September 6, 2013
When marketers discuss social TV and growing trends involving second screens, they are often thinking Twitter, which has become synonymous with the sharing of TV-related content. Last week we reported that Twitter had acquired social TV tracking service Trendrr in a deal that further consolidates the social TV monitoring market. Understanding social TV is rapidly becoming vital to marketers. Earlier this year, Twitter purchased social analytics firm Bluefin Labs, and Nielsen acquired SocialGuide.
“In fact, the company recently announced a feature that will allow advertisers to target Twitter ads at users who just saw their TV commercials,” reports TechCrunch. “The feature was based on technology from Bluefin Labs, the social analytics company that Twitter acquired earlier this year.”
Additionally, a recent Nielsen study suggests that significant Twitter activity helps drive buzz about programming and can subsequently increase live television viewership.
And while we are witnessing a proliferation of second-screen apps and services — such as GetGlue, Viggle, Miso and IntoNow — the gap between Twitter and competitors in the social TV space seems to be widening.
“Social TV’s much-heralded (and well-funded) standalone apps hardly pose a threat,” reports Digiday. “GetGlue says 4 million users have registered for its service to date, while Viggle boasts 3 million. Twitter is approaching 600 million registered users. GetGlue says it has generated 800 million check-ins to TV shows, movies and sporting events in its existence, while Viggle has attracted 250 million. By comparison, Twitter recorded a whopping 24 million tweets about this year’s Super Bowl during the four-hour game alone.”

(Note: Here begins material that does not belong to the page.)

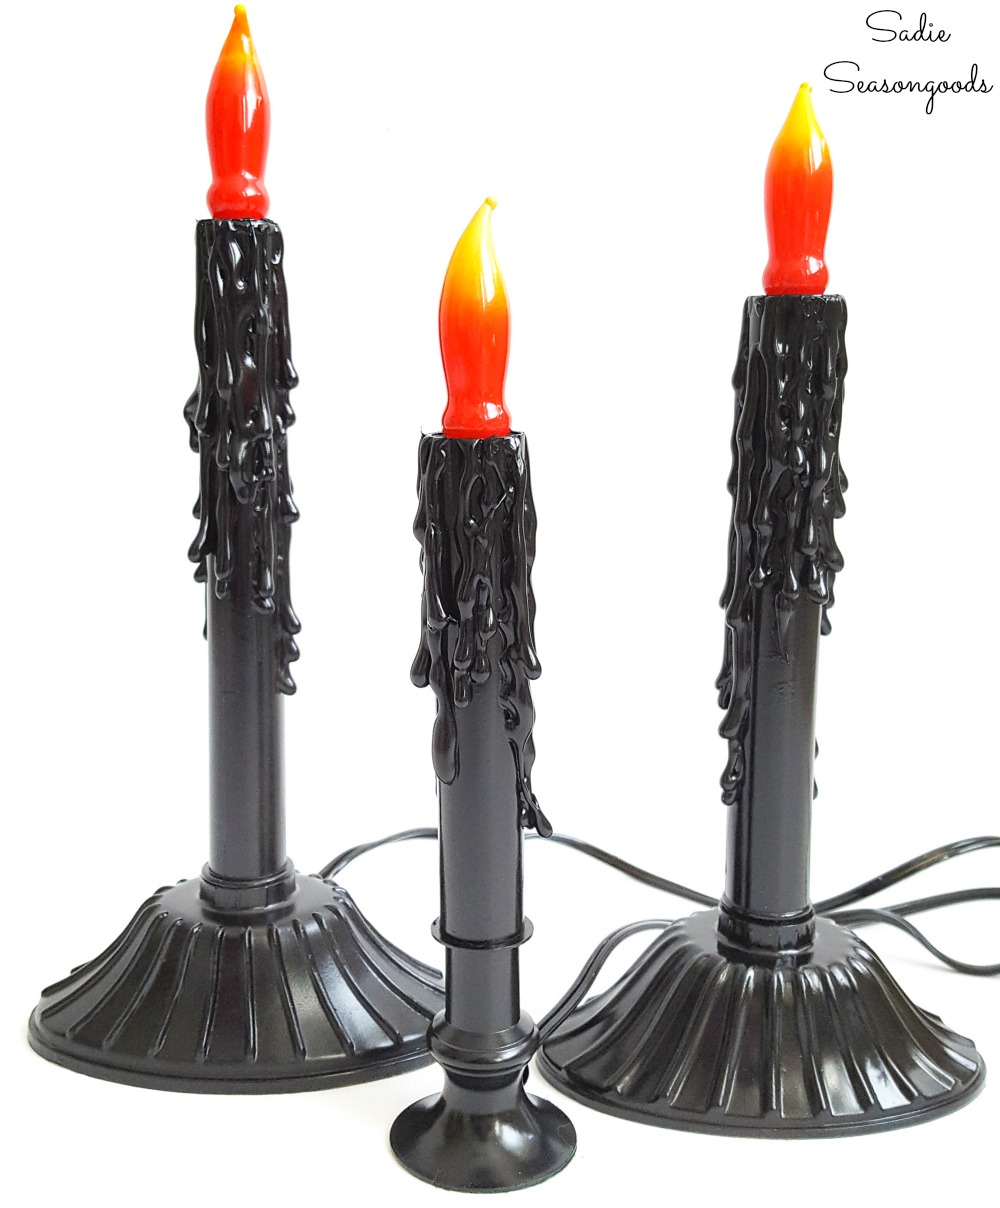 Creepy candles for DIY Halloween decorations

“Twitter is the only real second-screen TV app for now,” according to Gene Liebel, co-founder of Work & Co and former chief strategy officer at Huge.

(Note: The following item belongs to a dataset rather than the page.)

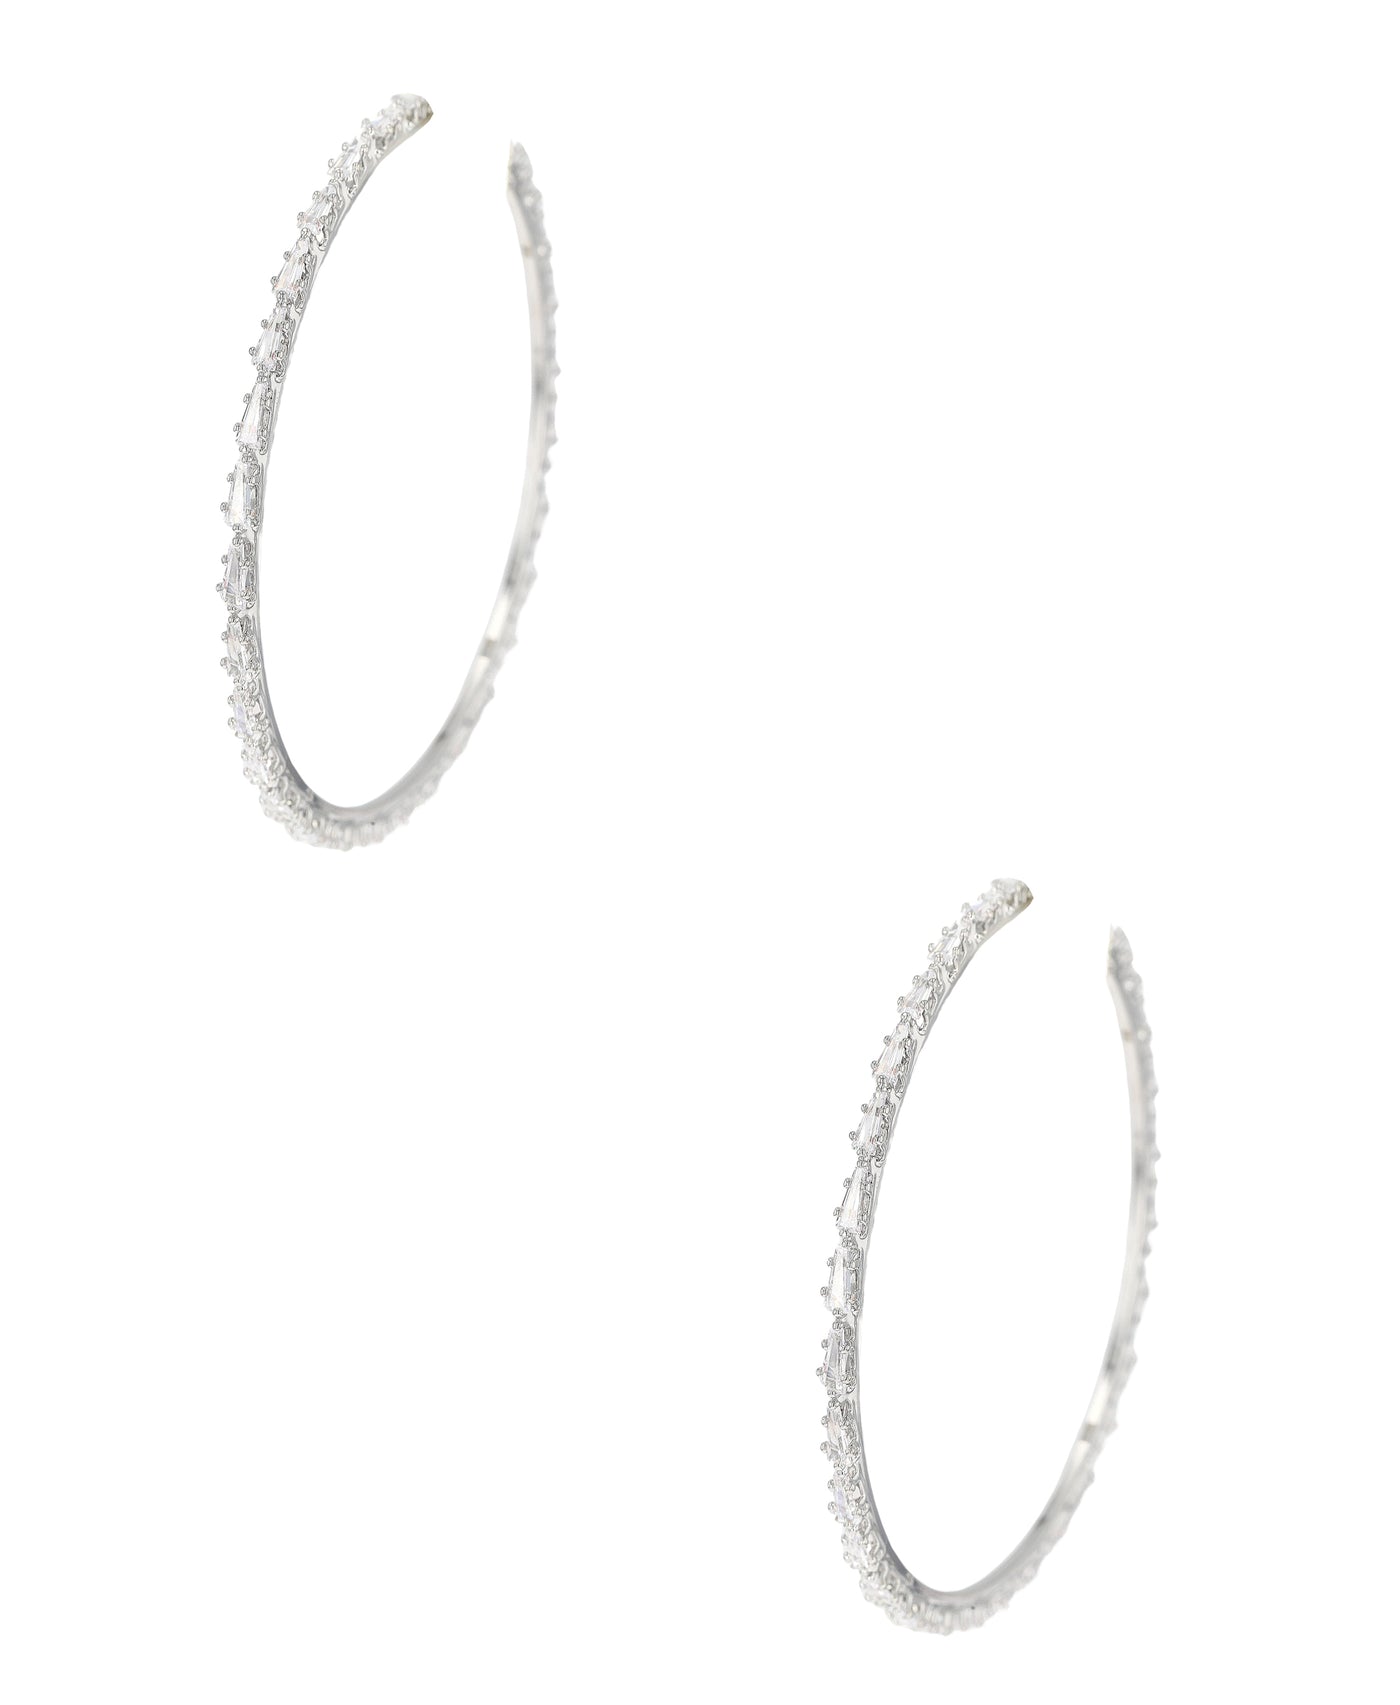 Large Hoop Earrings w/ CZ Accent image 1

“For now, Twitter is bigger than everything else. It has more traction,” added Alan Wolk, global lead analyst at digital video services provider Piksel.
Facebook is the other major player in social TV, but the social network does not share the same open forum as Twitter, which has a better potential to host large-scale public conversations around a TV event.
“Until social TV platforms can figure out a way to tap into the conversations, tastes and actions of millions of people at any one time, the data, insights and ad opportunities they can offer probably won’t come close to Twitter’s,” suggests Digiday. “For that reason alone, Twitter continues to provide the most interesting opportunity when it comes to social TV.”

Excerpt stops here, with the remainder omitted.